WE HAVE A SHORT OPERATING HISTORY, HAVE INCURRED NET LOSSES SINCE OUR INCEPTION
AND EXPECT FUTURE LOSSES

         We started our business in 1993 and began offering Internet access
services in 1994. We have incurred operating losses in every year of our
existence. We incurred net losses of $2.3 million for the year ended December
31, 1996, $4.2 million for the year ended December 31, 1997, and $10.7 million
for year ended December 31, 1998. In the first nine months of 1999, we incurred
a net loss of $12.7 million. As of September 30, 1999, we have an accumulated
deficit of $30.3 million. We may never be profitable.

         In 1998, a proposed merger transaction with Internet Communications
Corporation and related financing transactions were terminated. As a result, we
recorded costs, expenses and related fees of approximately $6.1 million. Of this
amount, approximately $4.2 million relates to warrants that we issued. Although
we are attempting to agree on a schedule for the payment of these expenses that
is satisfactory to all parties, we cannot assure that we will be able to reach
an agreement with all parties. If we are unsuccessful, we do not currently have
the ability to pay all of these expenses.

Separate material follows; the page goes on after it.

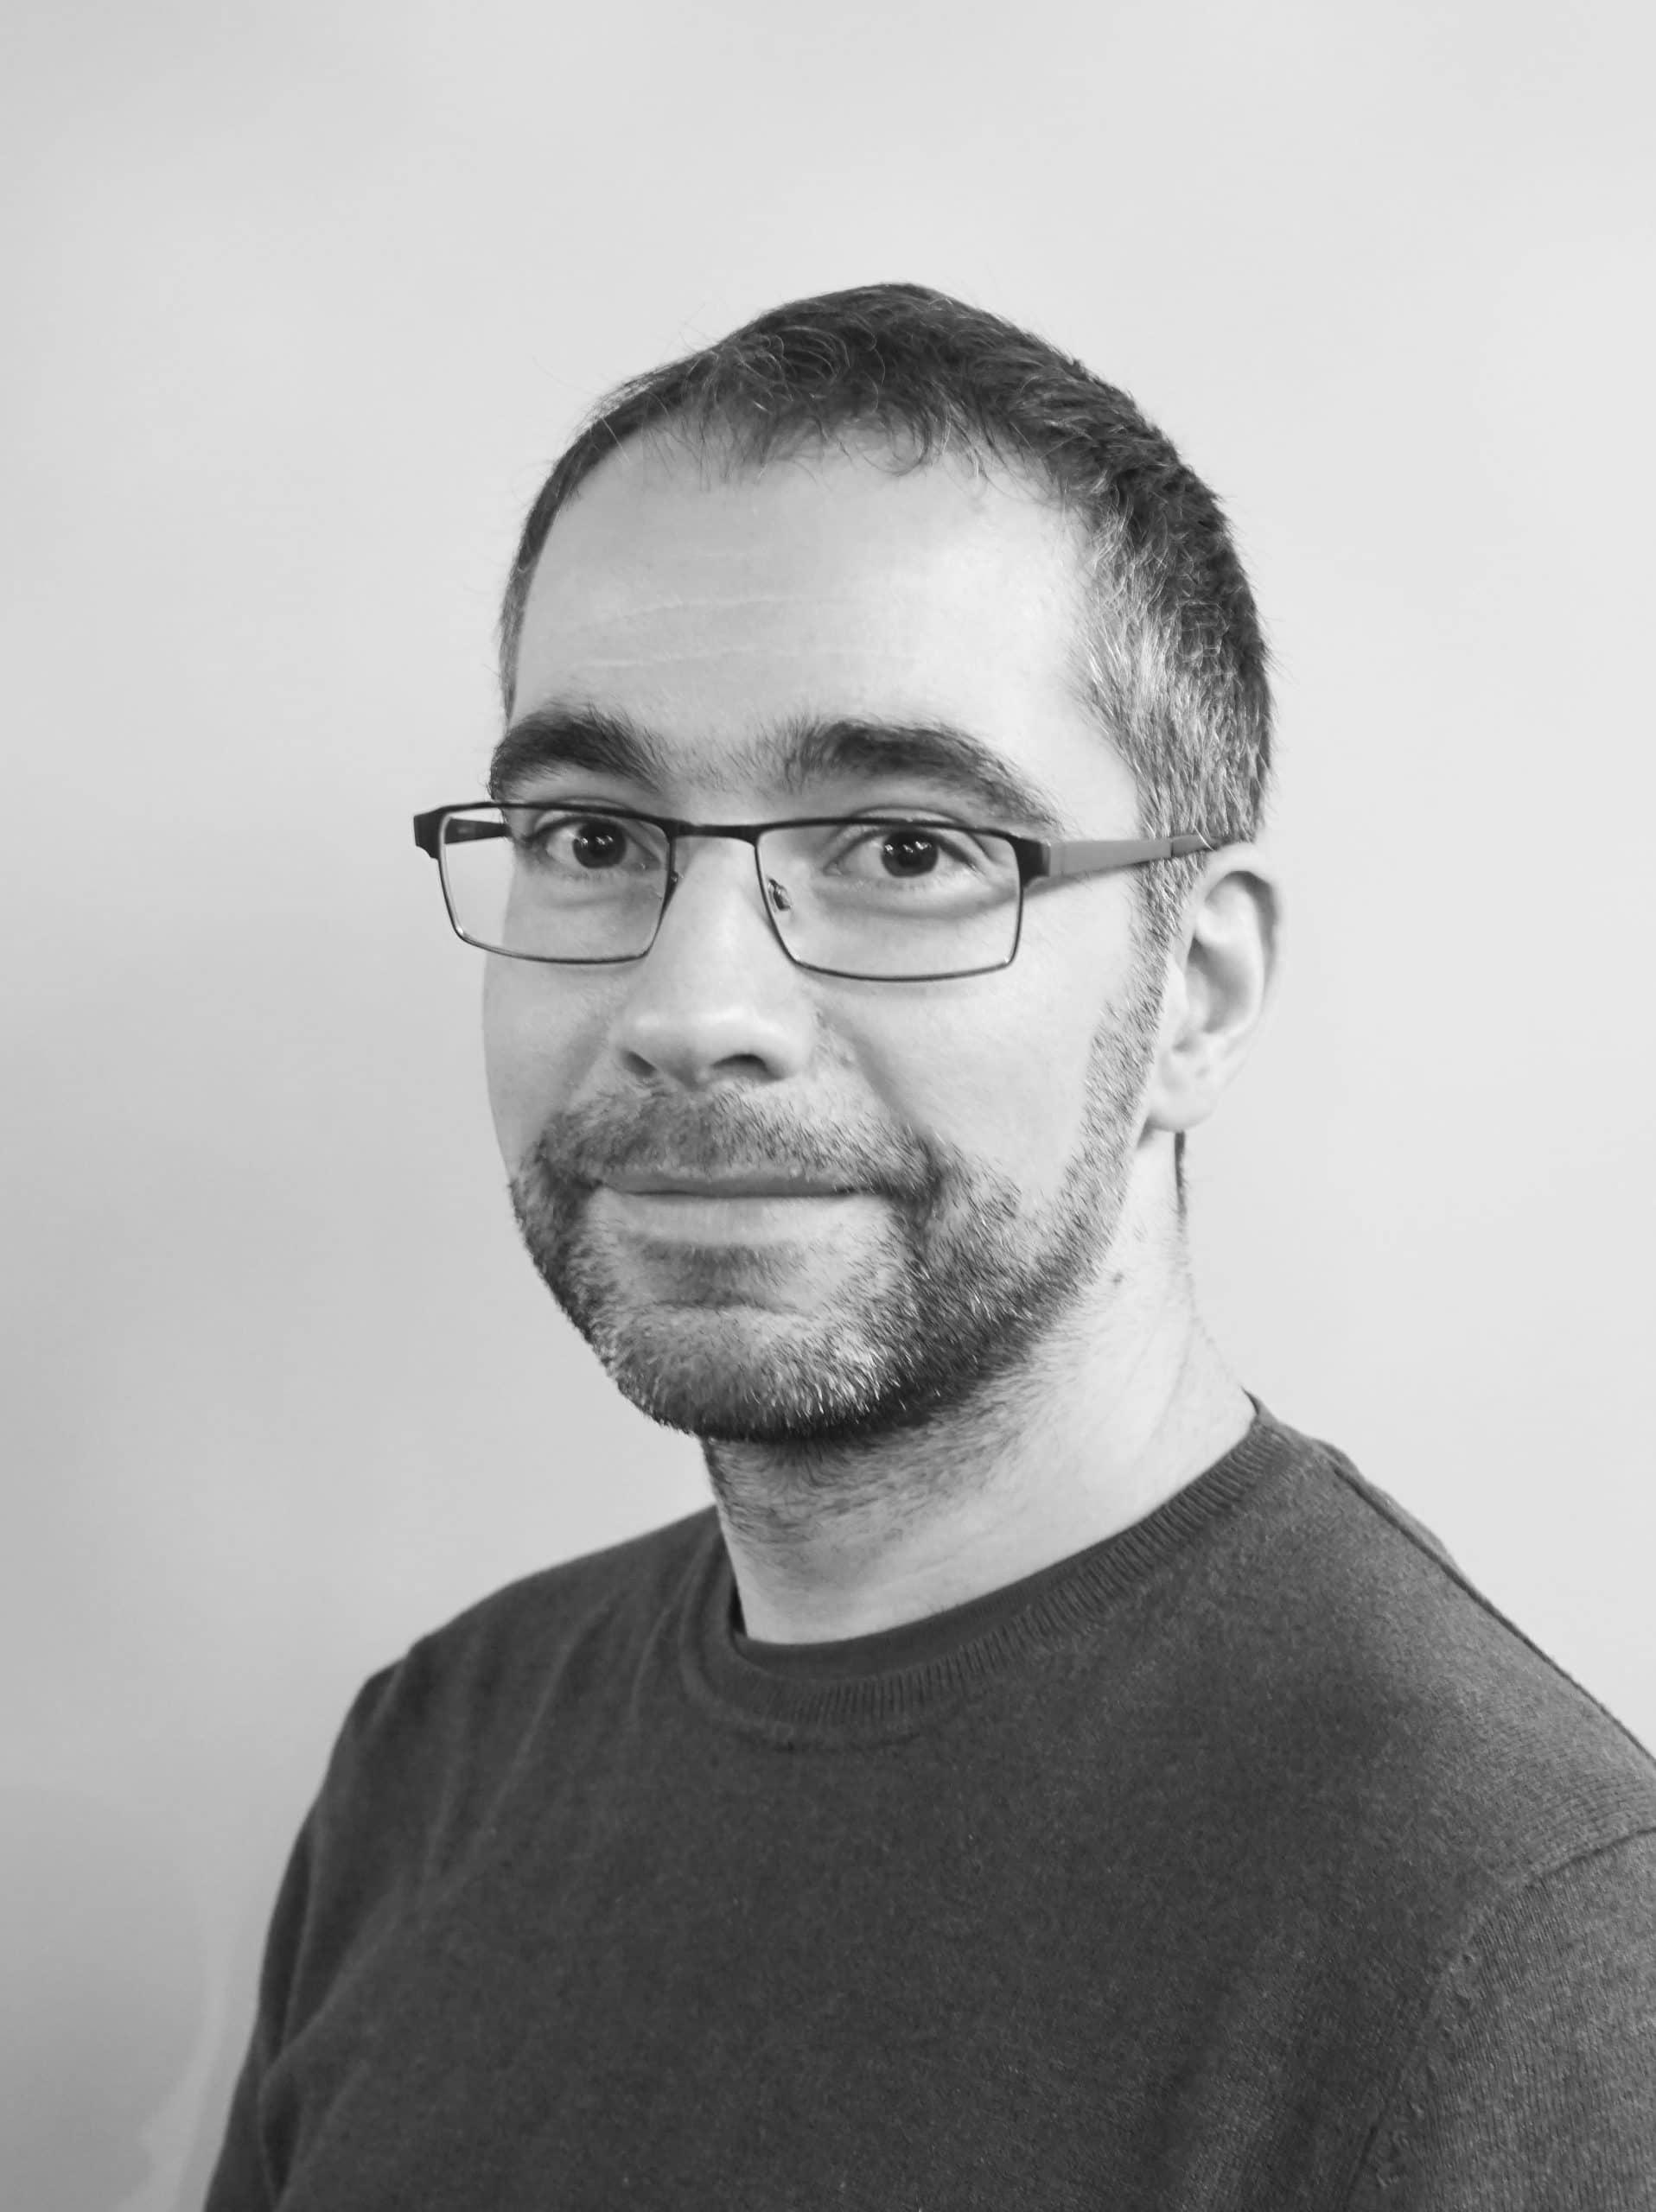 Nicolas développeur full stack velco

IF WE ARE UNABLE TO RAISE FUNDS TO FINANCE OUR GROWTH, YOUR INVESTMENT COULD BE
ADVERSELY AFFECTED

         We intend to expand or open new access sites or make other capital
investments as dictated by subscriber demand and strategic considerations. To
open new dial-up access sites, known in our industry as points of presence or
POPs, we must spend significant amounts of money for new equipment as well as
for leased telecommunications facilities and advertising. In addition, to expand
our subscriber base nationwide, we will have to spend significant amounts of
money on additional equipment to maintain the high speed and reliability of our
Internet access services. We may also need to spend significant amounts of cash
to:

         *        fund growth, operating losses, and increased expenses;

         *        implement our acquisition strategy;

         *        take advantage of unanticipated opportunities, such as major
                  strategic alliances or other special marketing opportunities,
                  acquisitions of complementary businesses or assets, or the
                  development of new products; and

         *        respond to unanticipated developments or competitive
                  pressures.

We will require additional funds through equity, debt, or other external
financing in order to fund our current operations and to achieve our business
plan. We cannot assure that any additional capital resources will be available
to us, or, if available, will be on terms that will be acceptable to us. Any
additional equity financing will dilute the equity interests of existing
security holders. If adequate funds are not available or are not available on
acceptable terms, our ability to execute our business plan and our business
could be materially and adversely affected.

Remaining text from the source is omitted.